US Judiciary Adds Safeguards After Potential Breach In SolarWinds Hack
The Administrative Office of the U.S. Courts is investigating a potential compromise of the federal courts’ case management and electronic case files system which stores millions of highly sensitive and confidential judiciary records.
US Judiciary is also working on immediately adding extra safeguards and security procedures to protect the highly sensitive court documents (HSDs) filed with the courts.
“The AO is working with the Department of Homeland Security on a security audit relating to vulnerabilities in the Judiciary’s Case Management/Electronic Case Files system (CM/ECF) that greatly risk compromising highly sensitive non-public documents stored on CM/ECF, particularly sealed filings,” the Judiciary said.
“An apparent compromise of the confidentiality of the CM/ECF system due to these discovered vulnerabilities currently is under investigation. Due to the nature of the attacks, the review of this matter and its impact is ongoing.”
Also Read: 10 Practical Benefits of Managed IT Services
Newly filed confidential documents will only be stored on a “secure stand-alone computer system” and will not be uploaded to CM/ECF.
The newly enacted safeguards following the start of this ongoing investigation are designed to guard the public trust and the integrity of the operation and administration of the federal Judiciary’s courts.
The AO has also suspended all national and local use of the SolarWinds Orion platform in mid-December following a DHS-CISA emergency directive requiring all federal civilian agencies to disconnect or power down SolarWinds software on their networks.
On Wednesday, the US Department of Justice (DOJ) also said that the SolarWinds hackers may have gained access to roughly 3% of the department’s Office 365 mail accounts.
US DOJ currently employs over 115,000 people which translates to around 3450 Office 365 mailboxes potentially breached in this attack.
A joint FBI, CISA, NSA, and ODNI statement also said on Tuesday that a Russian-backed hacking group is likely behind the SolarWinds supply-chain attack.

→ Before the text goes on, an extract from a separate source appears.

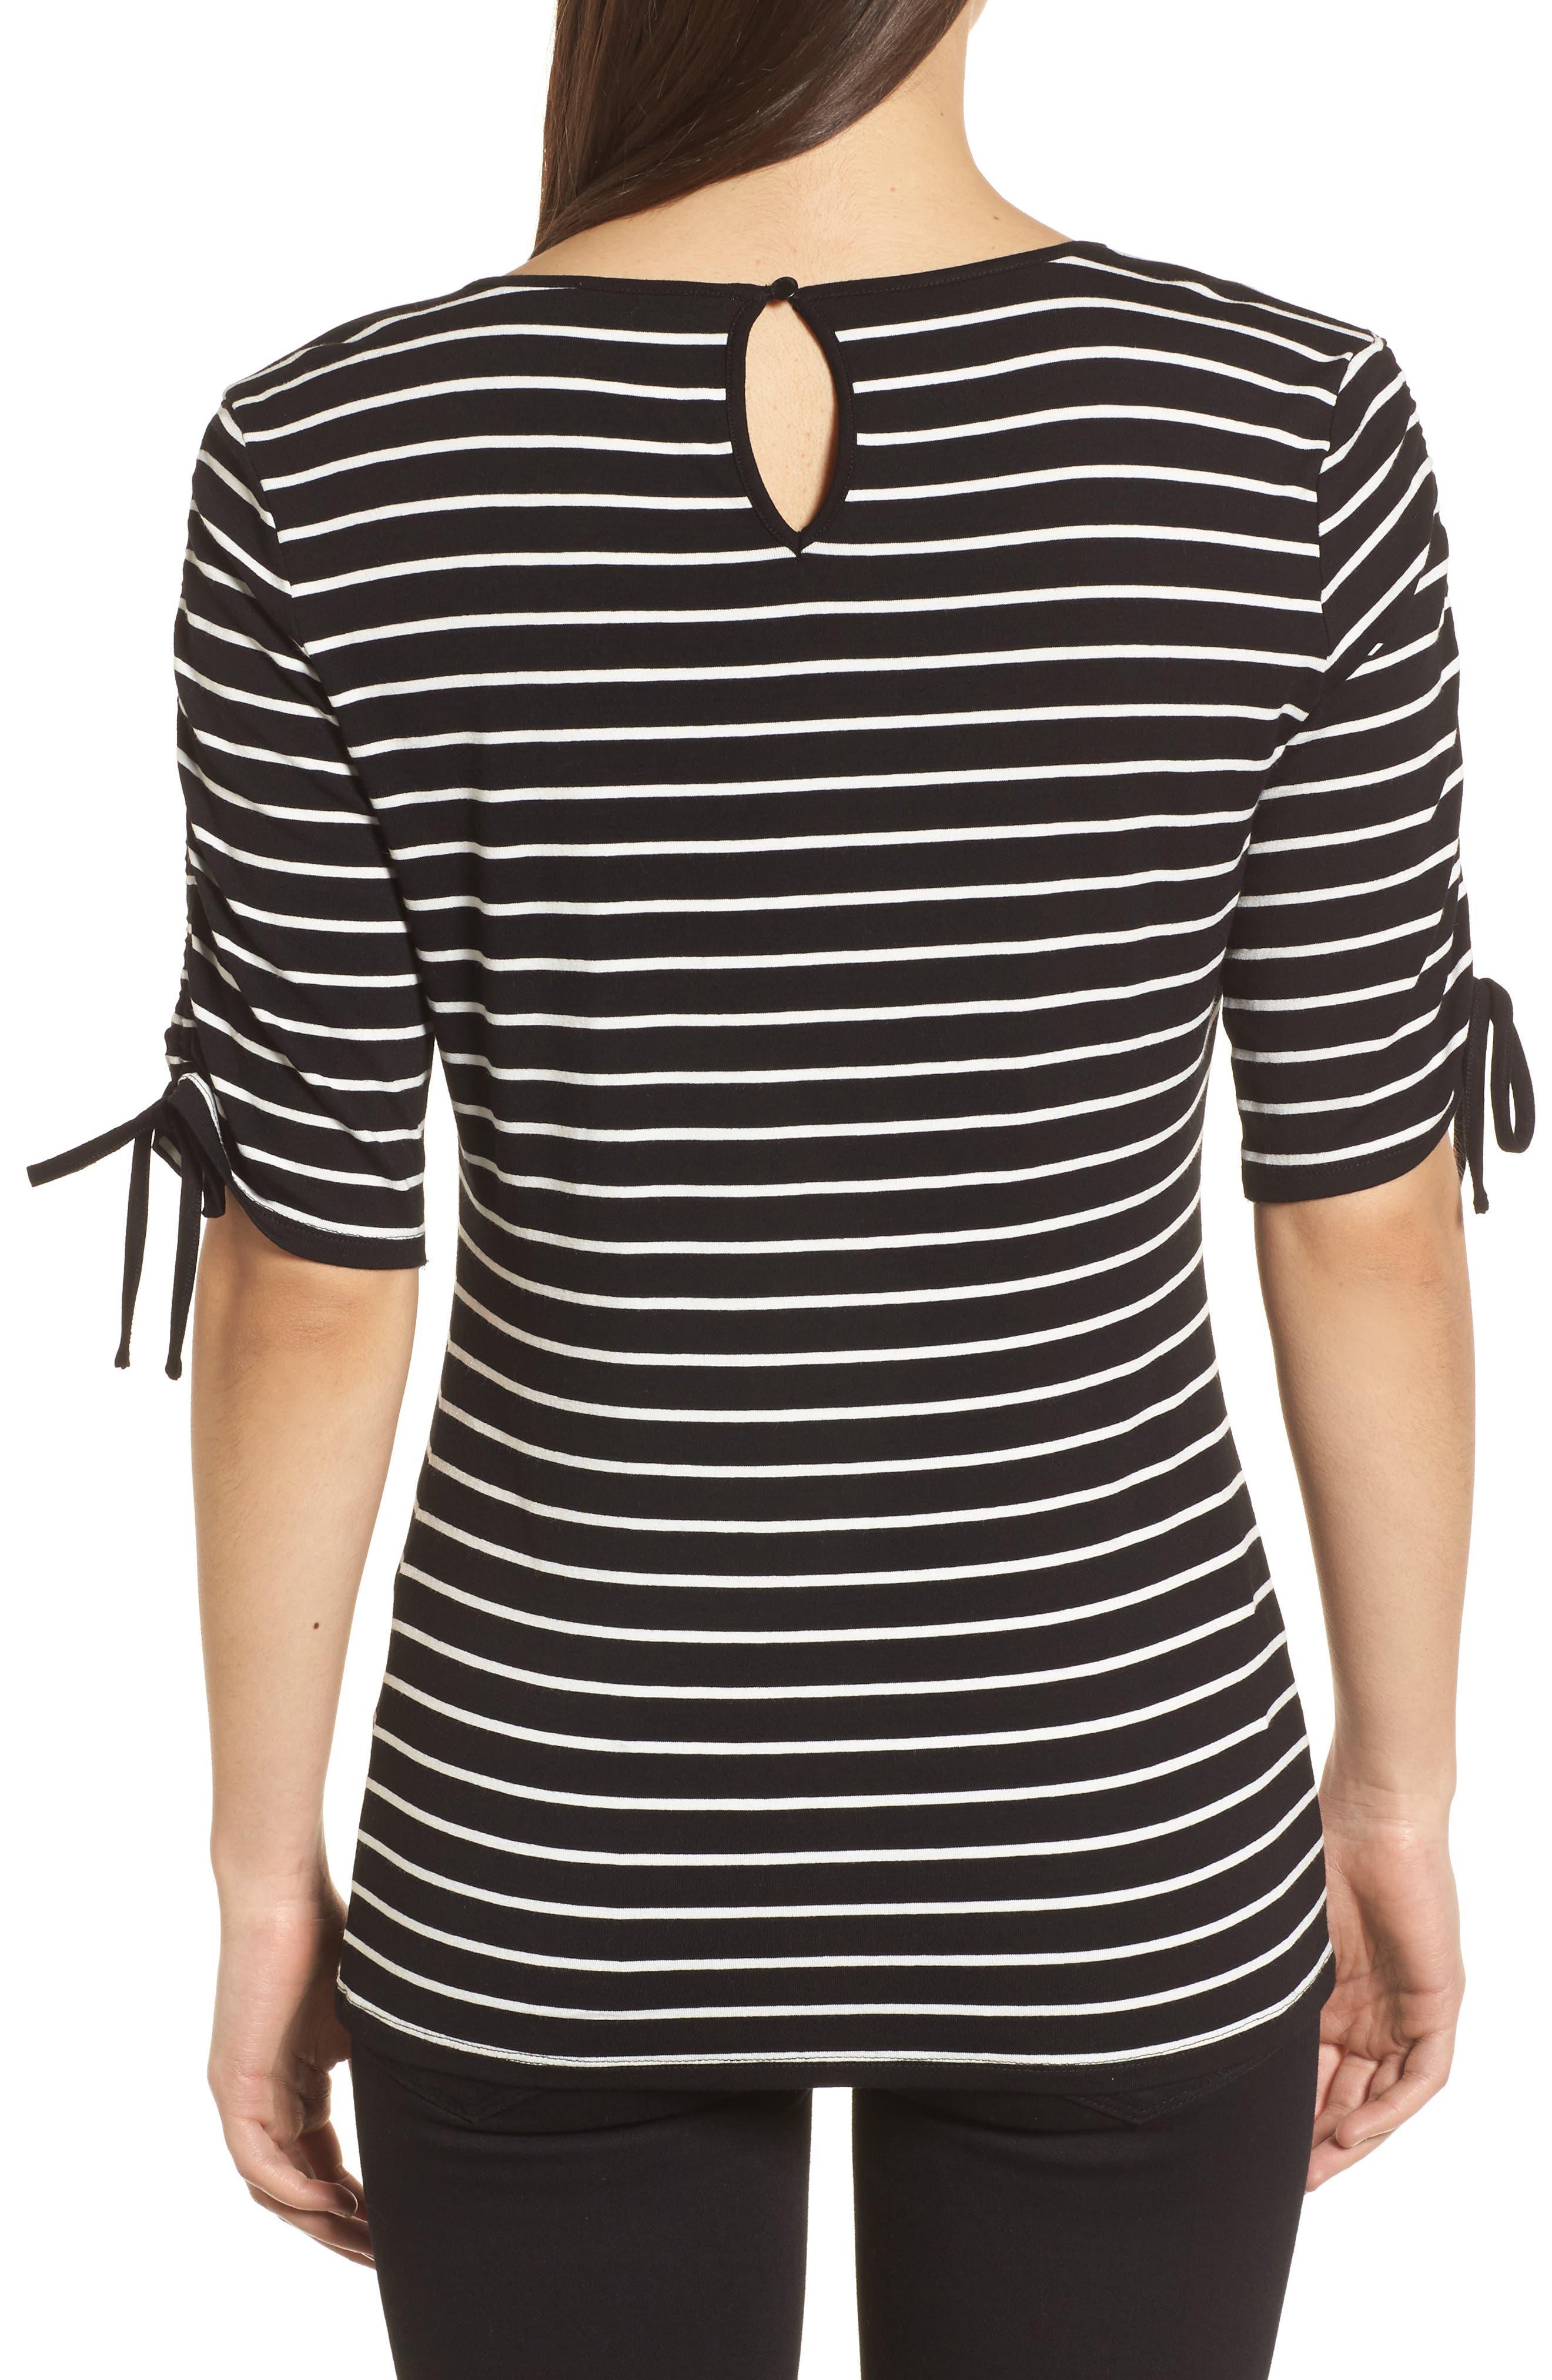 Drawstring Sleeve Stripe Top,                             Alternate thumbnail 2, color,                             006
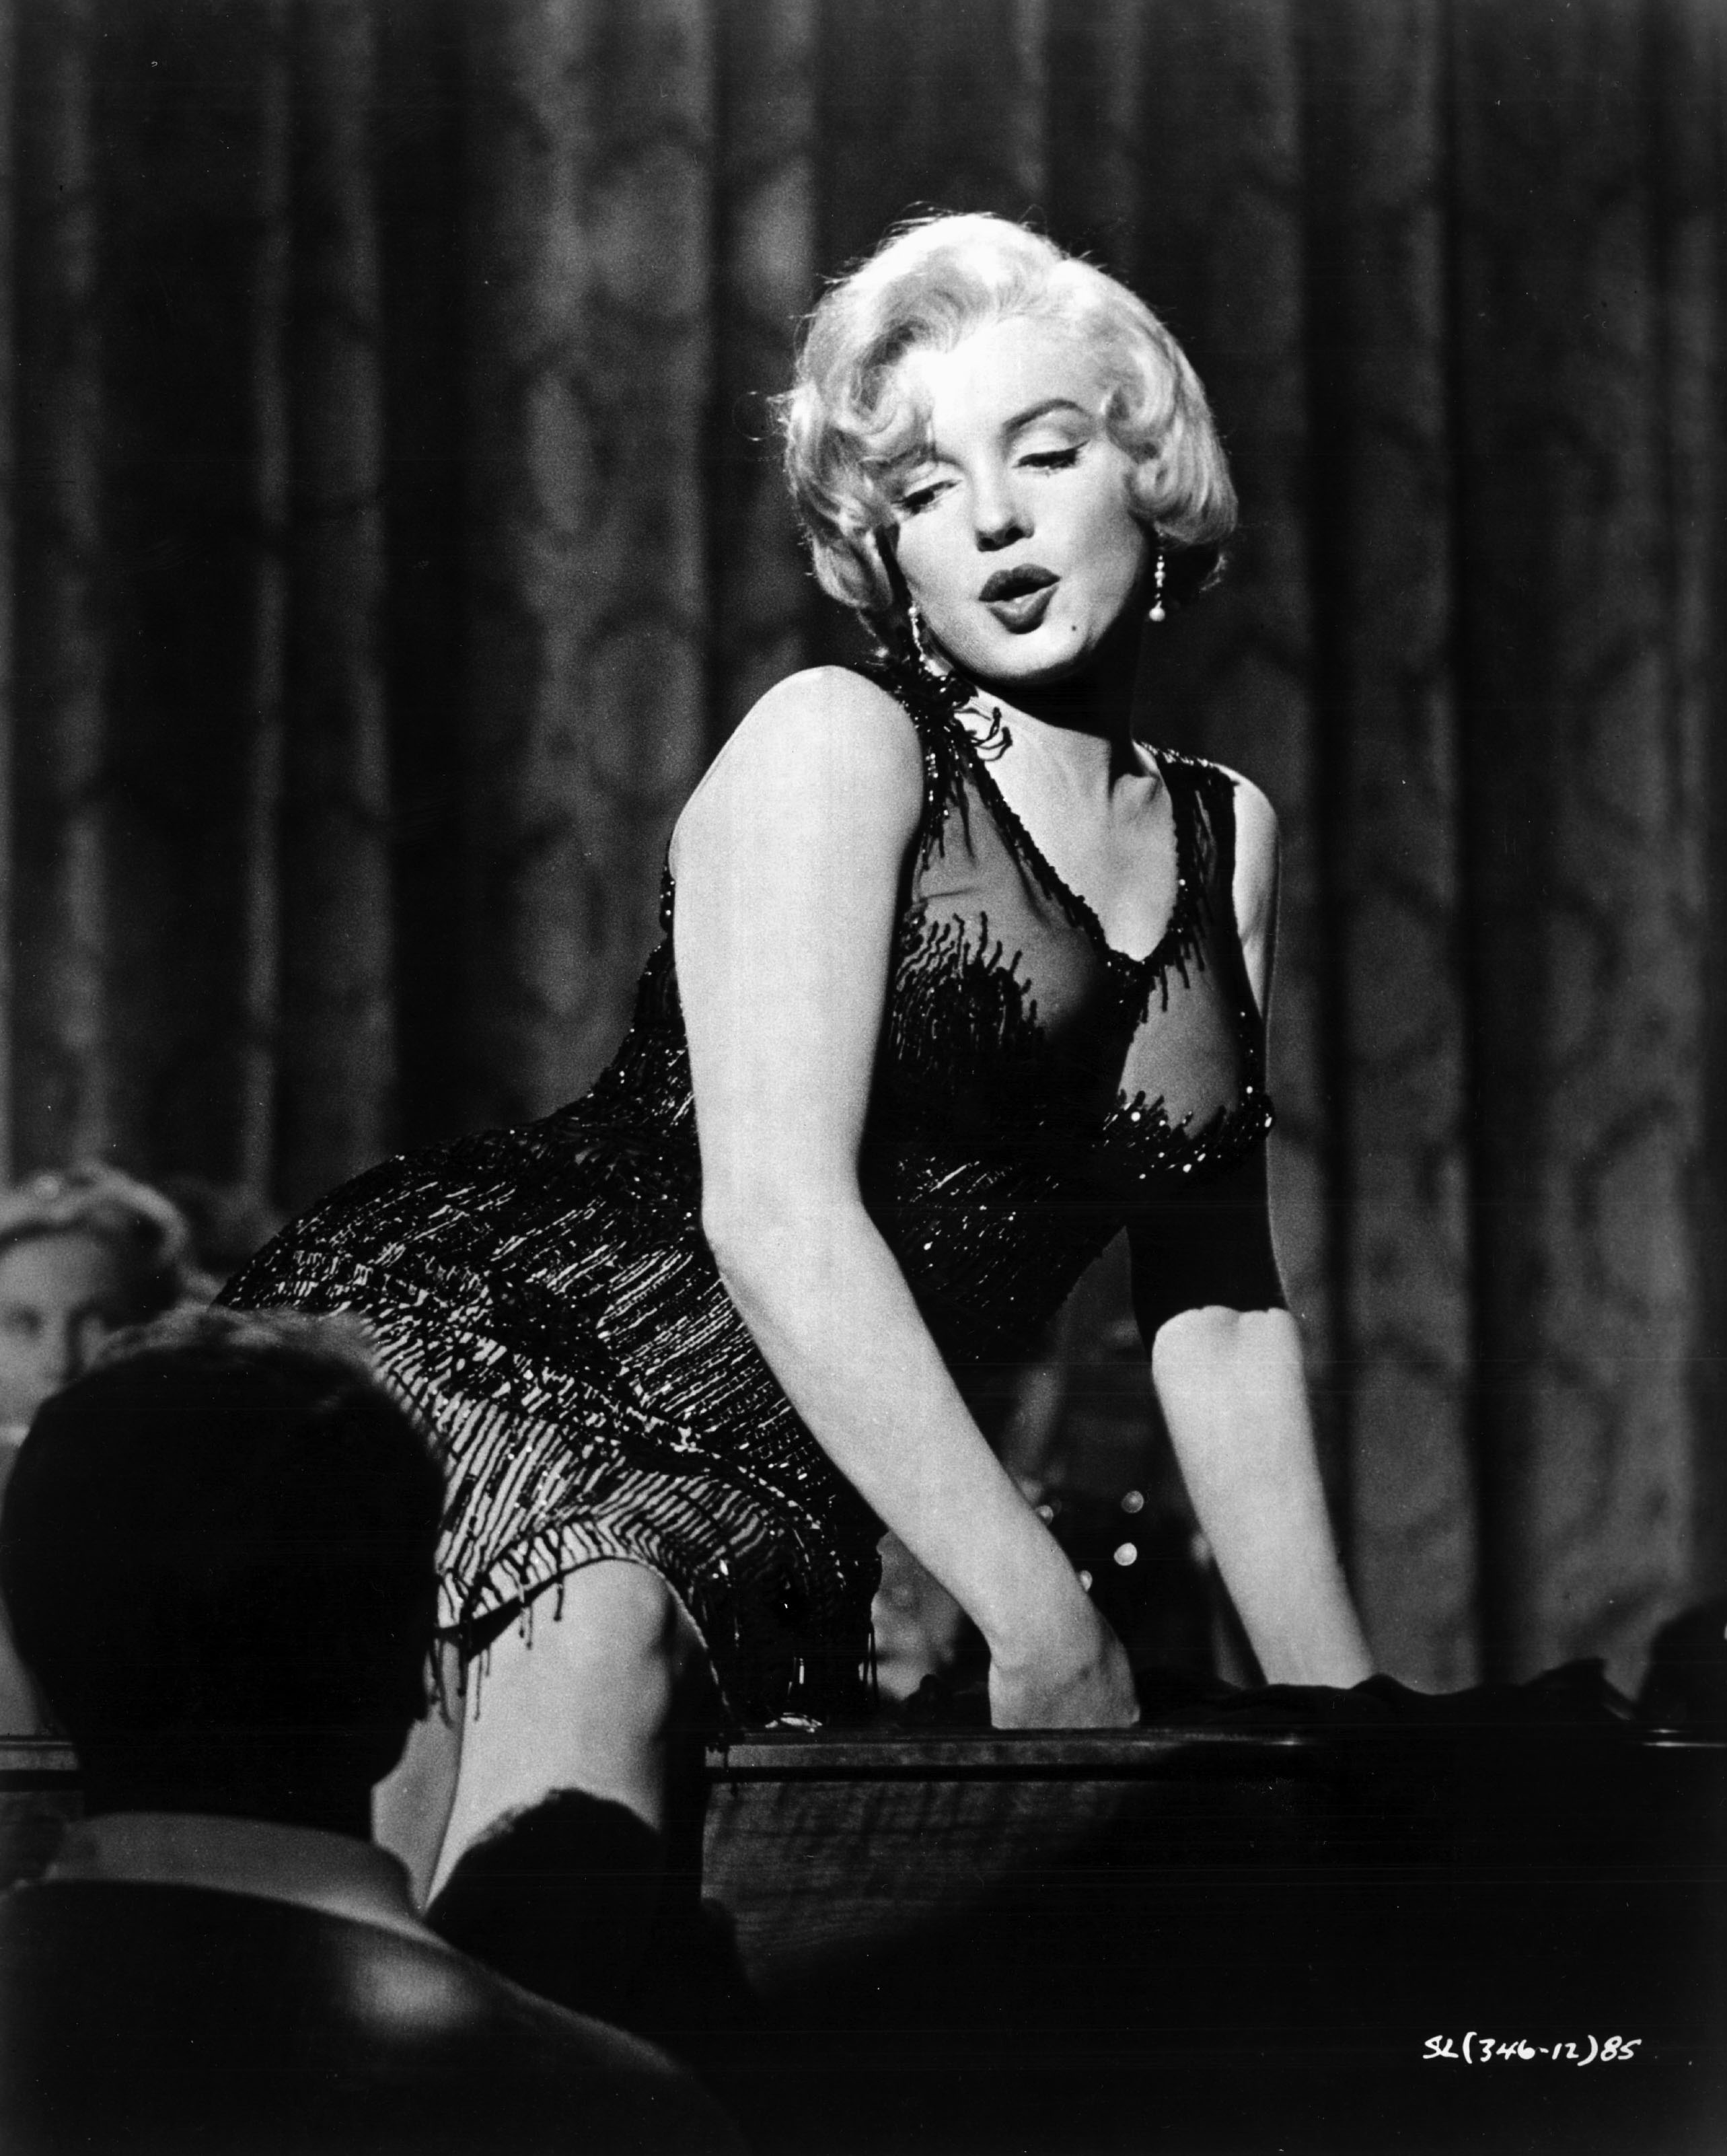 Citaten Marilyn Monroe Movie : Images about marilyn monroe birthday weekend past

The federal agencies also added that only 10 US government agencies have been targeted in additional hacking activity after the initial breach.
Also Read: What Legislation Exists in Singapore Regarding Data Protection and Security?
“We fully appreciate the practical implications of taking these steps and the administrative burden they will place on courts, yet any such burdens are outweighed by the need to preserve the confidentiality of sealed filings that are at risk of compromise,” James C. Duff, Secretary of the US Judicial Conference said.